Tom, I'm not sure you looked at the Kadee conversion document for the USAT streamliners:

http://www.kadee.com/conv/pdf/usapc.pdf

I'm a Kadee body mount guy, and wanted to change mine. I have converted one. 

The bottom line in my opinion:

1. It's a pain in the butt, it is a lot of work to pull the cars apart to do the conversion
2. After the conversion, the Kadees are no better than the stock couplers to handle side side excursions, the stock ones have more "give"
3. The stock couplers are taller from top to bottom, so they have less tendency to ride out of each other as compared to a Kadee.
4. The stock couplers are metal, and are very strong.
5. I can live without the ability to remotely uncouple the cars.
6. The stock couplers look better than Kadees.

So, my suggestions are to smooth out the vertical transitions in your trackwork.

Now, I know that is easier said than done, so I'm looking at adding a "shelf" like the Aristo coupler has to the couplers. Shelf couplers were prototype, and since the couplers are metal, perhaps I can drill and tap the couplers to make a solid assembly.

I really feel that if you convert to Kadees you will not be happy, and I'm a dyed-in-the-wool Kadee guy.

Try converting your first car to Kadee, the one that will couple to the loco. That's the only Kadee conversion I am doing.

Regards, Greg


----------



## Paul Burch (Jan 2, 2008)

Jim,
There really are no standards in large scale  couplers between manufacturers or even within a product line.  If you want to go with Kadees as many of us have then decide if you want G or #1,  get the Kadee gauge and set every coupler with the gauge. You won't regret it.  I have Kadee #1 scale body mounted 820's on my  USA  passenger cars and have not had any problems at all.  In fact,since the train is basically a unit train I back it up a steady 135' of 2% grade for inside storage so it will be facing the correct way for its next run.


----------



## rpc7271 (Jan 2, 2008)

I'm with Paul. I run Kadee's on everything and a new car doesn't make it to the layout until it's been converted. I do have a couple of coupler converter cars for use when company shows up with non Kadee equiped equipment. The only thing is I use Kadee #835's on tank cars and hopper cars. These couplers are visably smaller and look better on those cars. The one thing you need to do is take into consideration your minimun radius of your curves. If you have sharp curves the 830's may not work. I'm sure someone out there can tell you what to use on sharp curved layouts.


----------



## Dr Rivet (Jan 5, 2008)

ALL - CORRECTION TO MY ORIGINAL POST 

As usual, I got the 831 and 789 descriptrions backwards. The 831/1831 has a large vertical offset to raise the coupler centerline above the mounting box, the 789 /1789 has a straight shank that keeps the coupler height centerline essentially even with the mounting box. So 789s mounted on the locomotive will match the passenger cars, 831s will match the freight cars with Kadees. These packages include a short box with an extension that is typically used for talgo mounting to trucks. 

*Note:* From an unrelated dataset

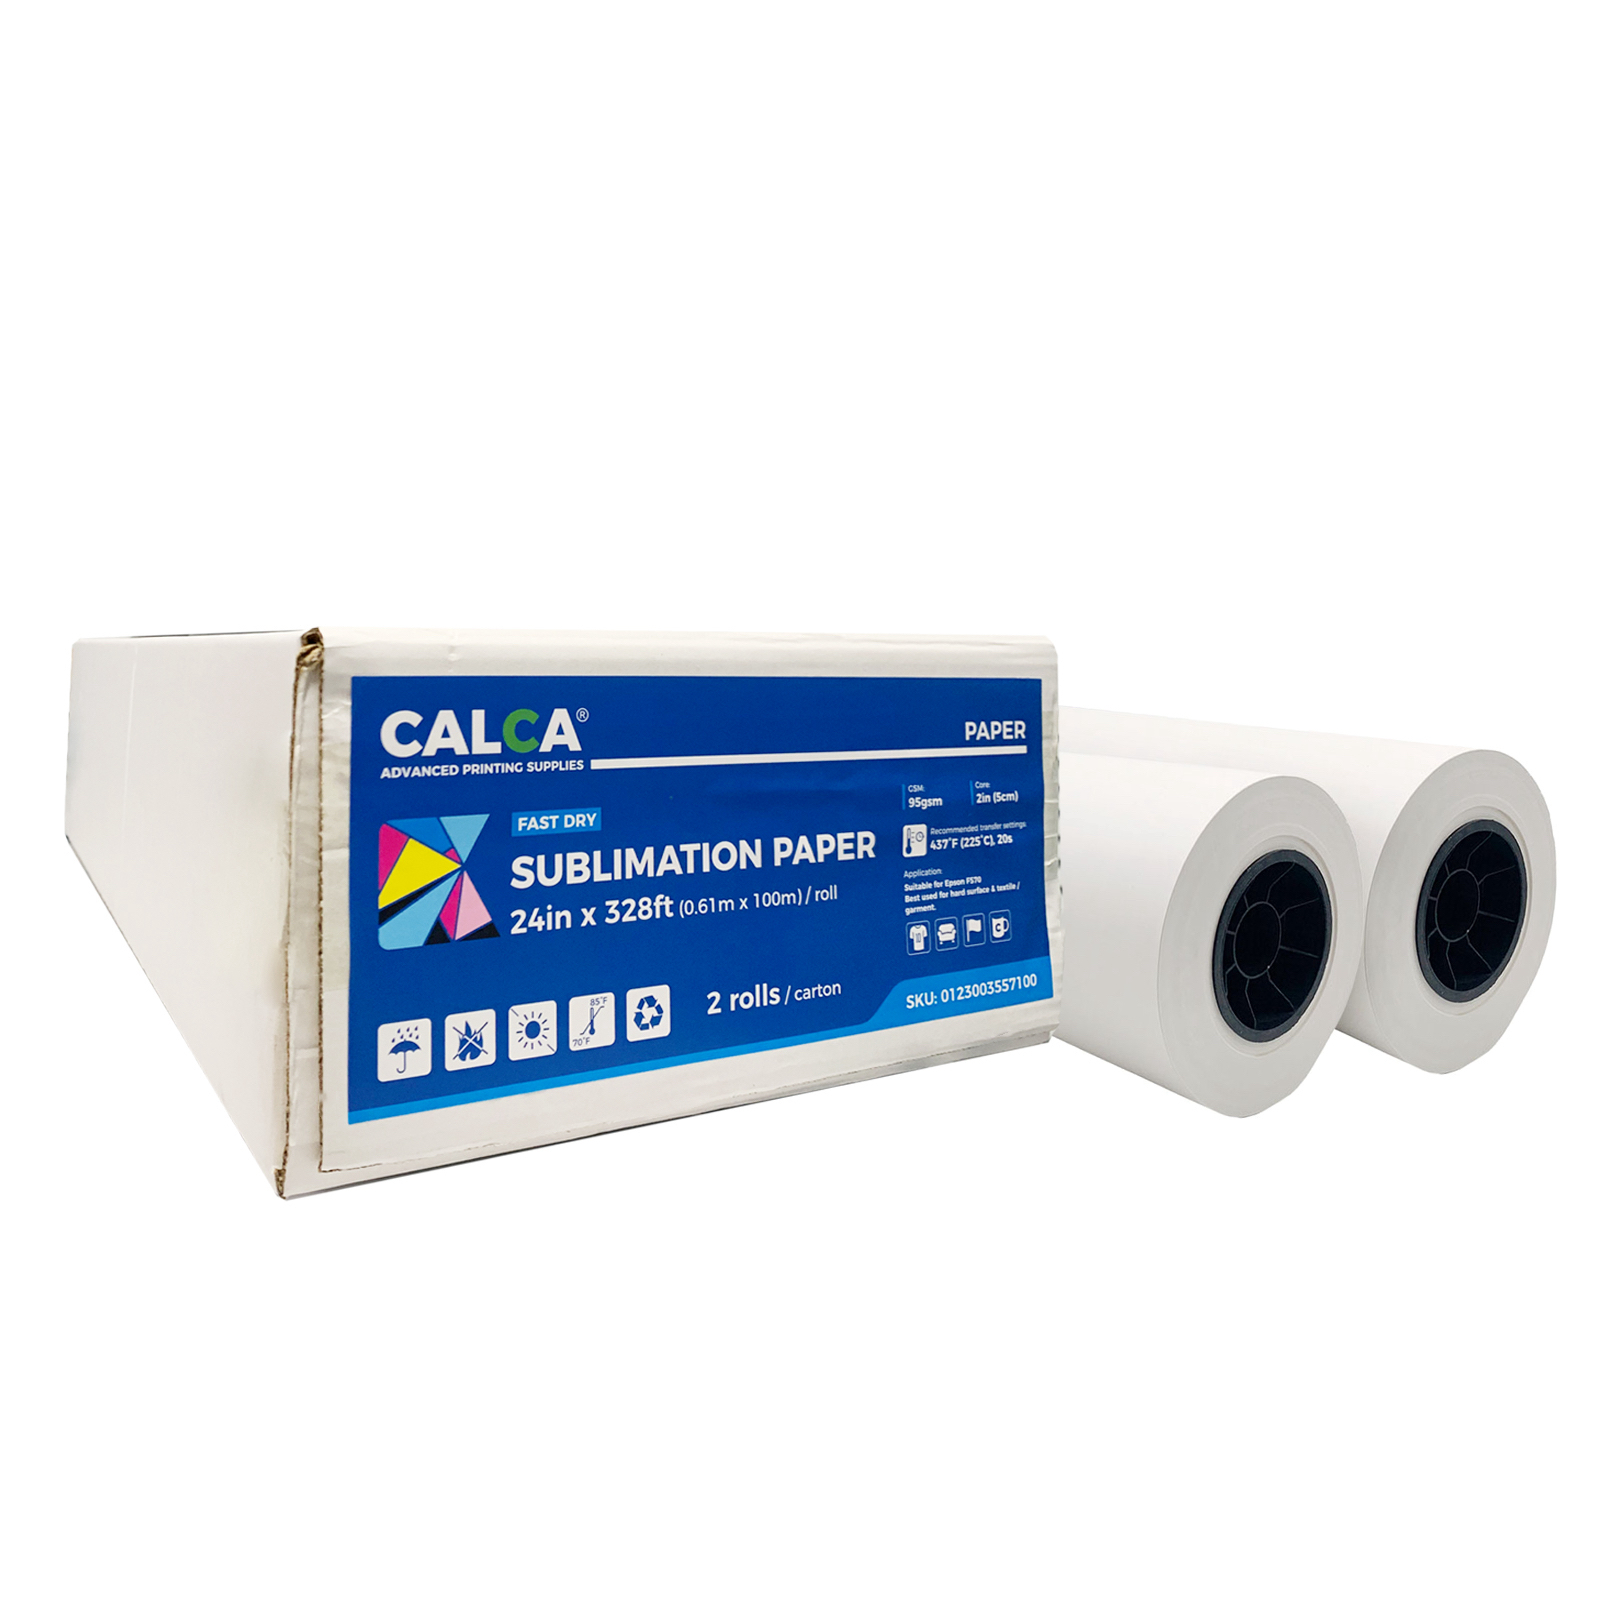 CALCA 2 Rolls 95gsm 24in x 328ft Fast Dry Dye Sublimation Paper for SureColor F570 Dye-Sublimation Printer, 2" Core

Regarding the post refering to the Kadee 835 coupler 

A Kadee 835 is the same coupler as an 789 with a short body mount box. A 789 has a mounting box for talgo mounting on trucks, same box as the 831; the 837 is the same coupler as the 831 with a short body mount box. ALL the G couplers are the same size, the shank length on the 789/835 is much shorter than the 830 with its body mount draft gear box. 

BTW, IF you are using the body mount couplers [830/820] and need to deal with sharp radius curves, Kadee makes a "flex bracket" to mount the box ,PN 883/882 , the 838 is an 830 box with flex bracket,the 819 is an 820 package that includes the flex brackets. I have never sold any or used them myself, so I have no idea how well they work [or don't work]. 

I looked at the instructions from Kadee for the USAT passenger car conversion. What a pain. 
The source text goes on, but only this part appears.